Input for this task —
* * * * * * * * *

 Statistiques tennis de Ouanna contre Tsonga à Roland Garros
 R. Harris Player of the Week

* * * * * * * * *

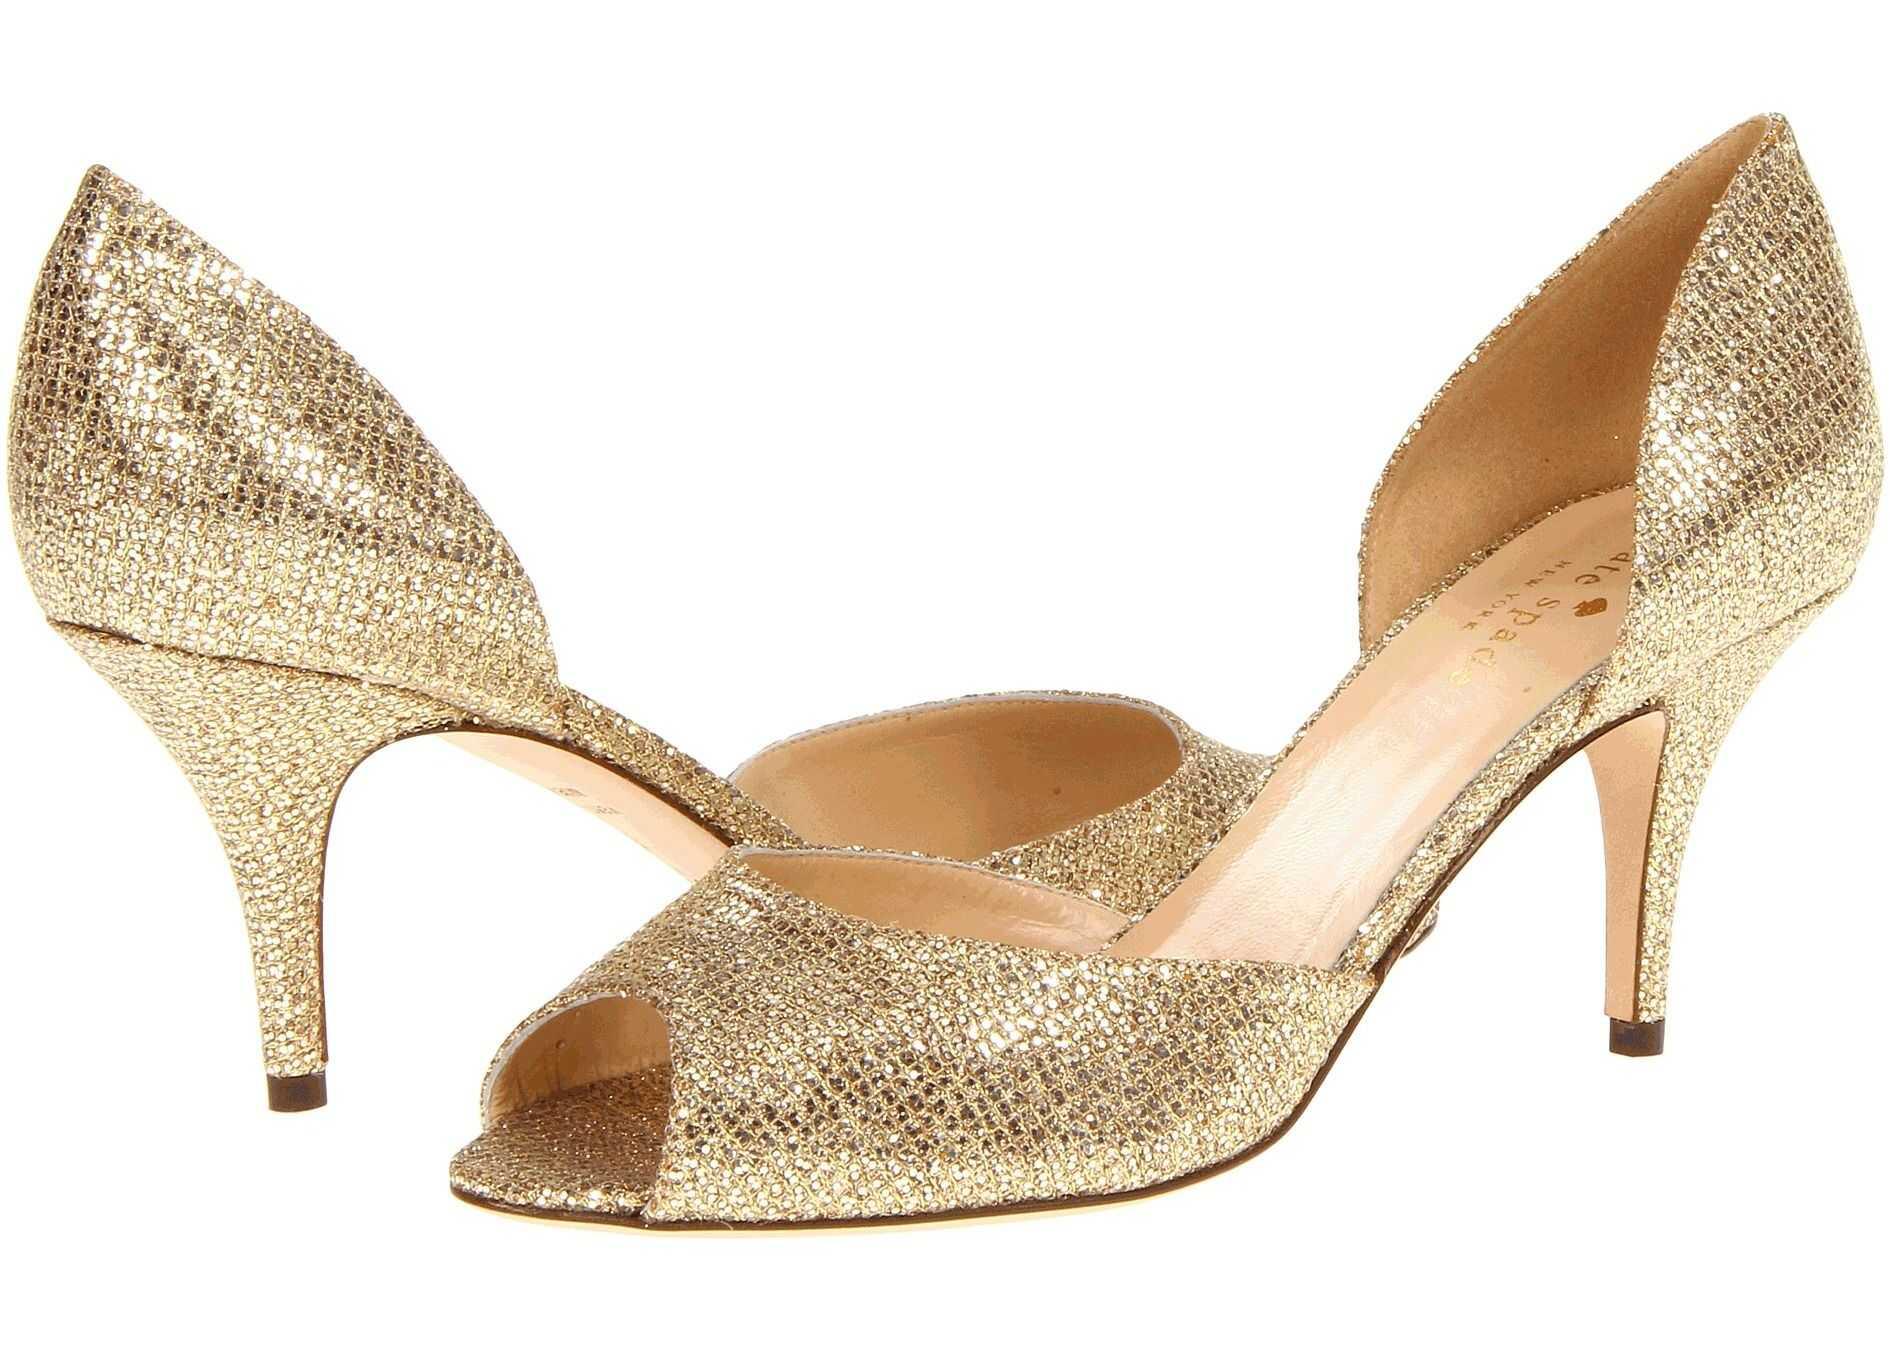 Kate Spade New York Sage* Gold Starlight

* * * * * * * * *

Work item — Look above for the line holding "Statistiques tennis de" and the line holding "R. Harris Player of the Week", then output exactly those two lines and every line between them, nothing more.

Answer box —
 Statistiques tennis de Ouanna contre Tsonga à Roland Garros
 R. Harris Player of the Week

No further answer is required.